SEOUL (Reuters) - Hermit North Korea had no problems letting a visiting orchestra play the national anthem of its mortal enemy the United States, but to allow its people to hear the one from its other half, South Korea, at a football match is a step too far.

Analysts say the communist state, which considers the Korean peninsula a single nation whose southern half is temporarily adrift, is likely to call off hosting a March 26 World Cup qualifying match rather than accede to its neighbour's demand to raise its own flag and play its anthem.

"North Korea will never let something that goes against its 'one-Korea' principle to happen in Pyongyang, the heart of the country," said Yang Moo-jin, an expert on the North at the South's Institute for Far Eastern Studies at Kyungnam University.

The governments of the two Koreas have yet to sign a peace treaty to end their 1950-1953 war and each claims to be the rightful ruler of the entire peninsula.

In recent years, pragmatism has increasingly played a role in relations, not least because the North depends on its wealthy neighbour for aid, and they have staged joint sporting events.

Yang said North Korea allowed the New York Philharmonic to play the U.S. national anthem at an unprecedented concert in Pyongyang last week because it sees its ties with the United States as being state-to-state.

By contrast, the South Korean government is an impediment to its rule over the whole of Korea.

North Korea has proposed instead playing a folk song treasured on both sides of the border and flying a joint flag used when they marched together at the Olympic Games.

South Korean officials have called this unacceptable and appealed to football's governing body FIFA to force North Korea to bend to its demands. Seoul has in the past allowed the North to fly its flag and play its anthem when playing in the South.

South Korean media is speculating the World Cup 2010 qualifier will end up being played in China.

GROUP BUSTER

It is the first time the two have been drawn to play in the same early qualifying group for the World Cup, where sides play home and away matches.

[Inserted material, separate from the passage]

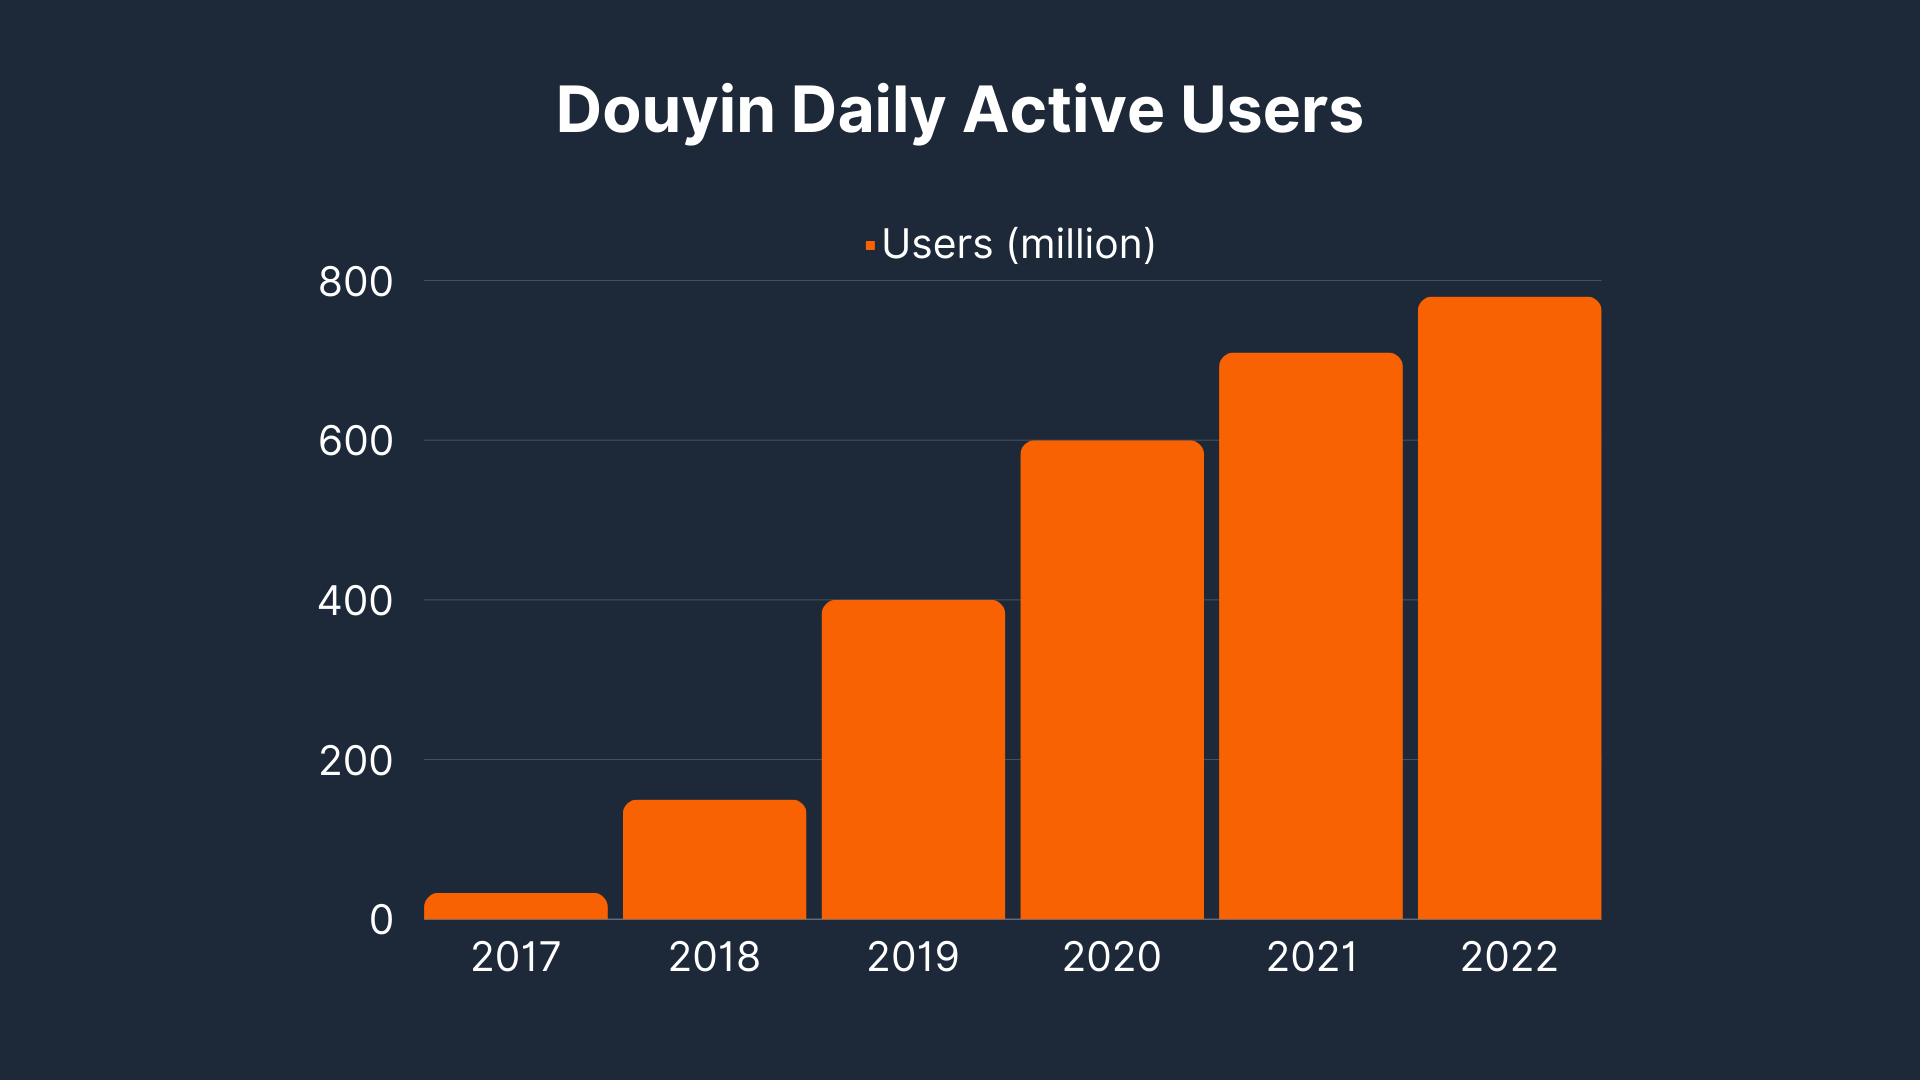 Douyin Daily Active Users 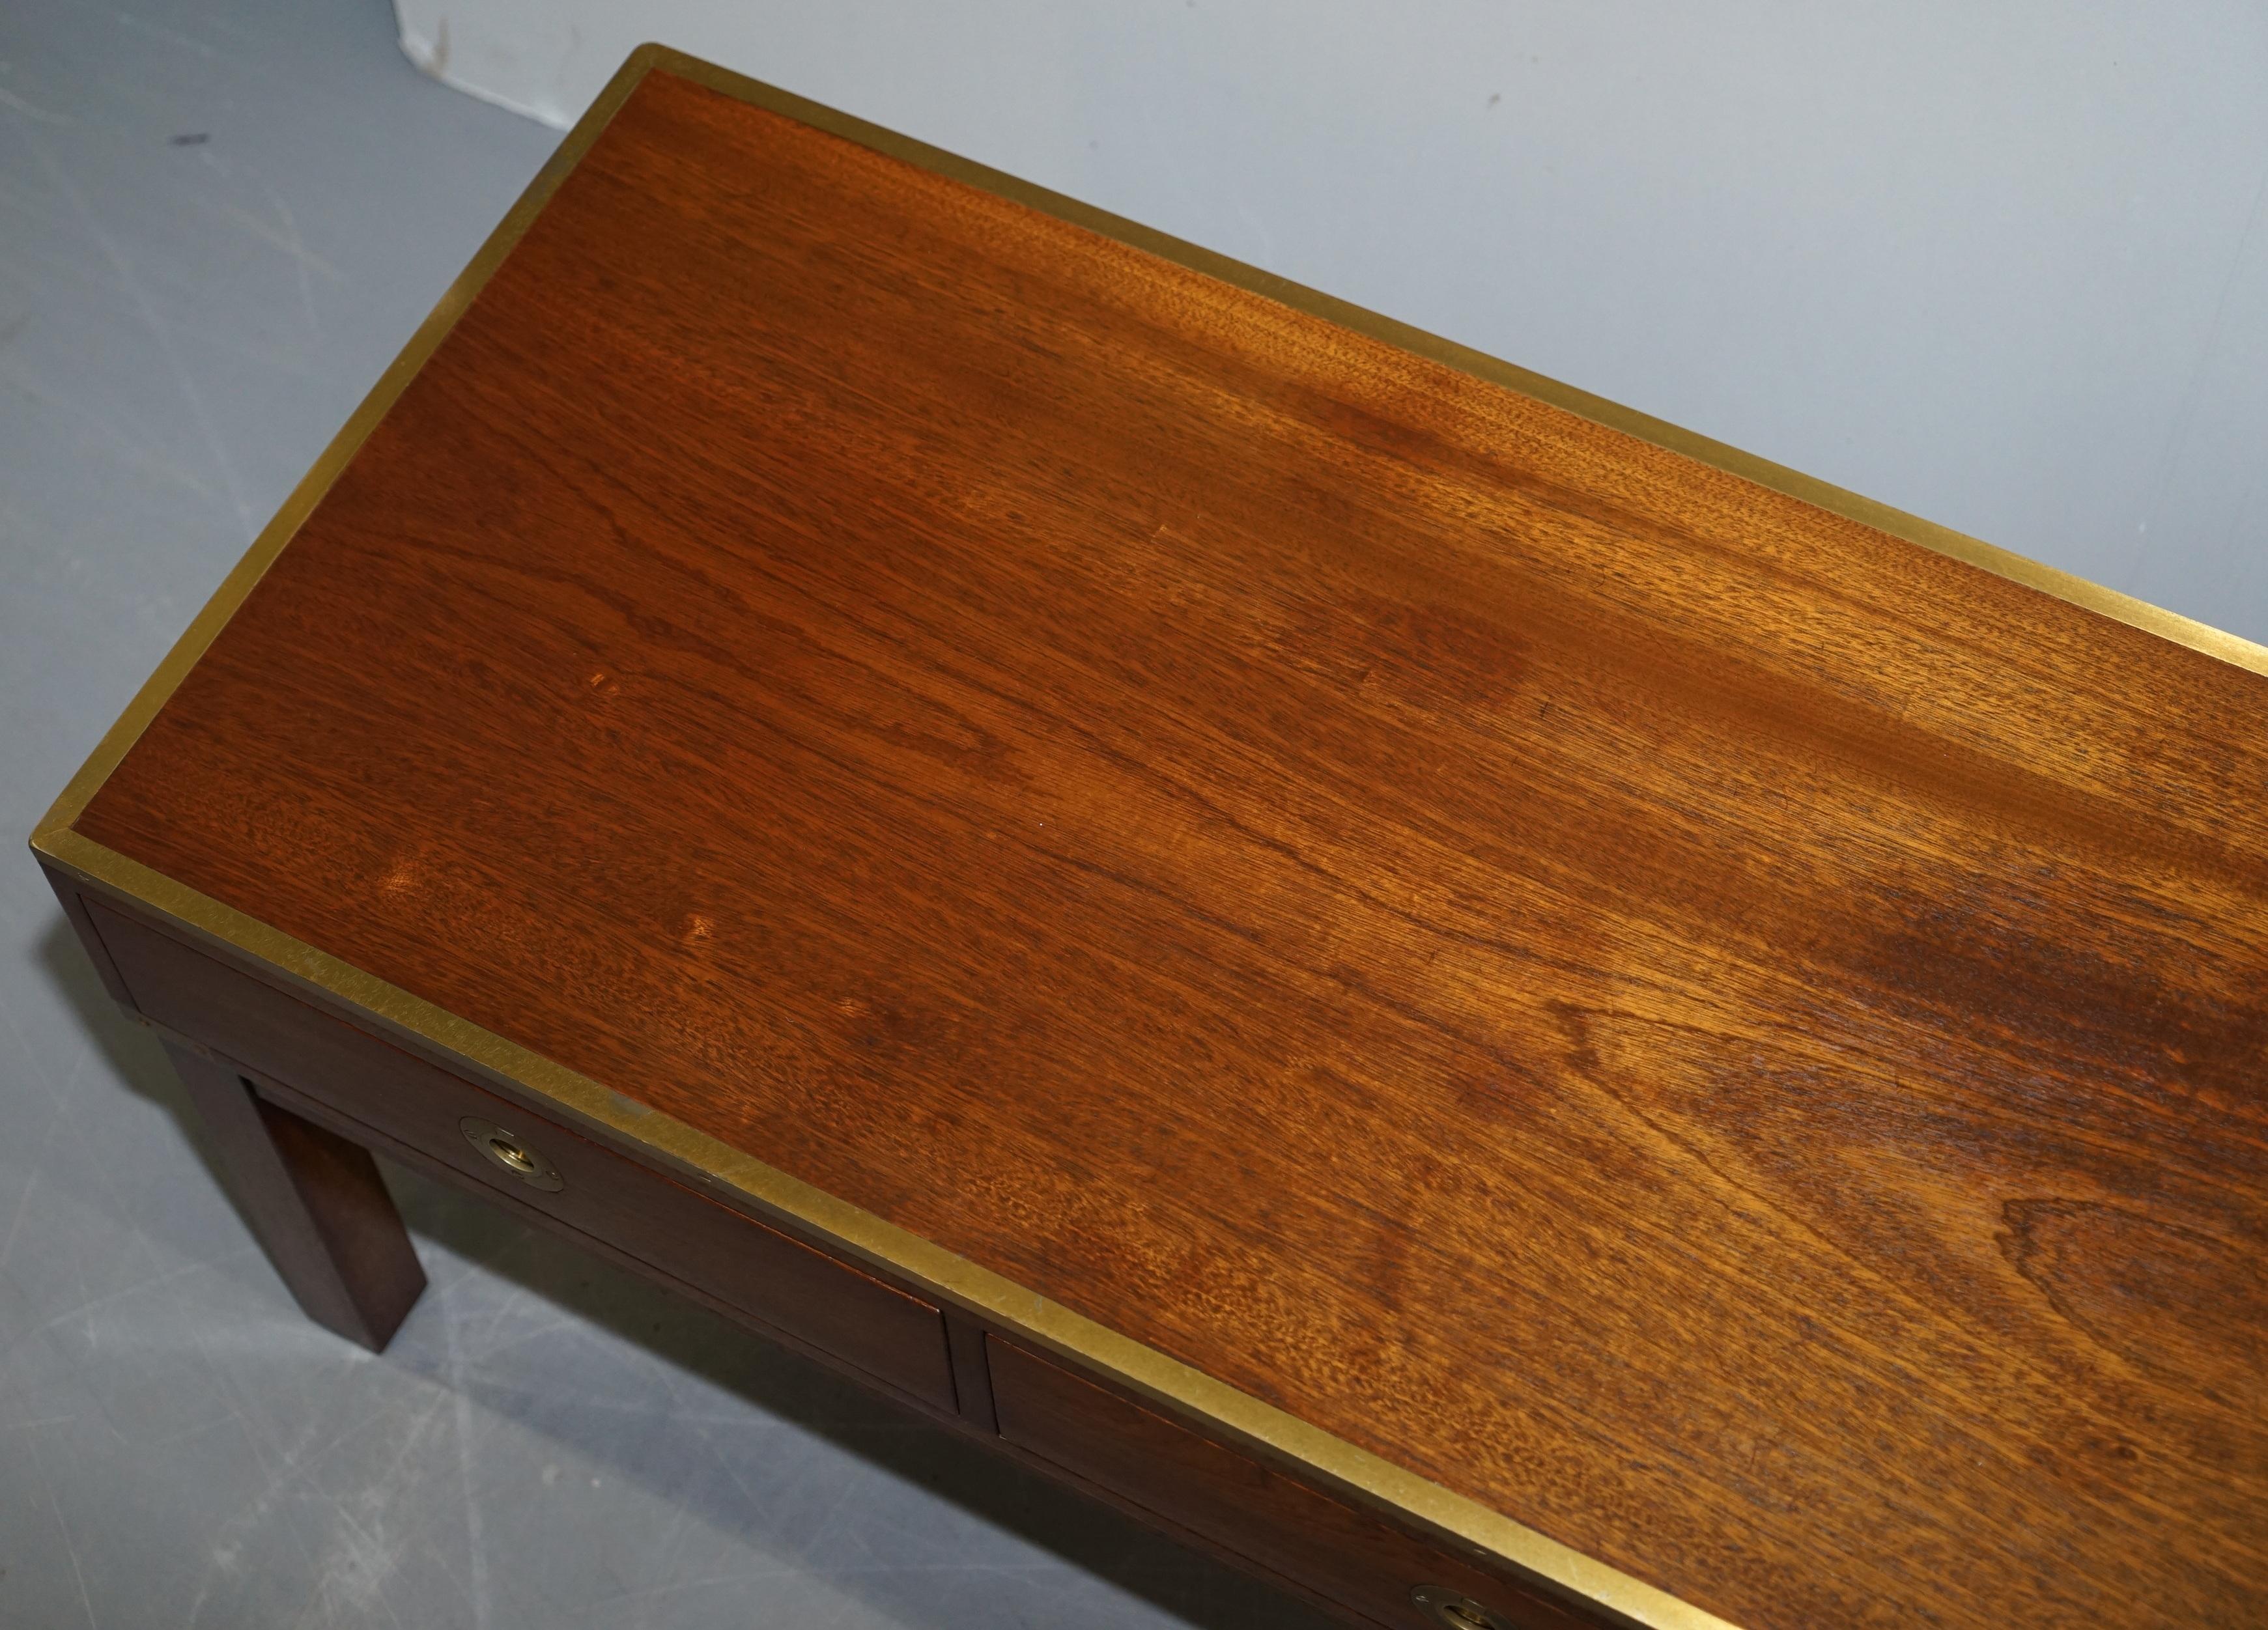 Harrods Kennedy Military Campaign Hardwood Coffee Table Part of Large Suite 2

Displaying the South's flag and anthem in front of tens of thousands at a stadium in Pyongyang for a match likely broadcast on the North's official TV is too much for the its propaganda apparatus to bear, said Brian Myers, a specialist on the North's official culture at the South's Dongseo University.

Myers said North Korea's propaganda has had to adjust its message over the past several years and admit to its people that its rival to the South is the richer state.

The impoverished state compensates by saying the people of the South view the North's leader Kim Jong-il with deep respect and as the protector of the true Korean culture.

"The more the North Korean people find out about the higher living standard and the people, the more necessary it becomes for the propaganda apparatus to hammer home this point about the South Korean's love and respect for Kim Jong-il," he said.

"Their propaganda cannot handle the image of South Koreans appearing proud of the own national team, waving their own national flag in Pyongyang," he said.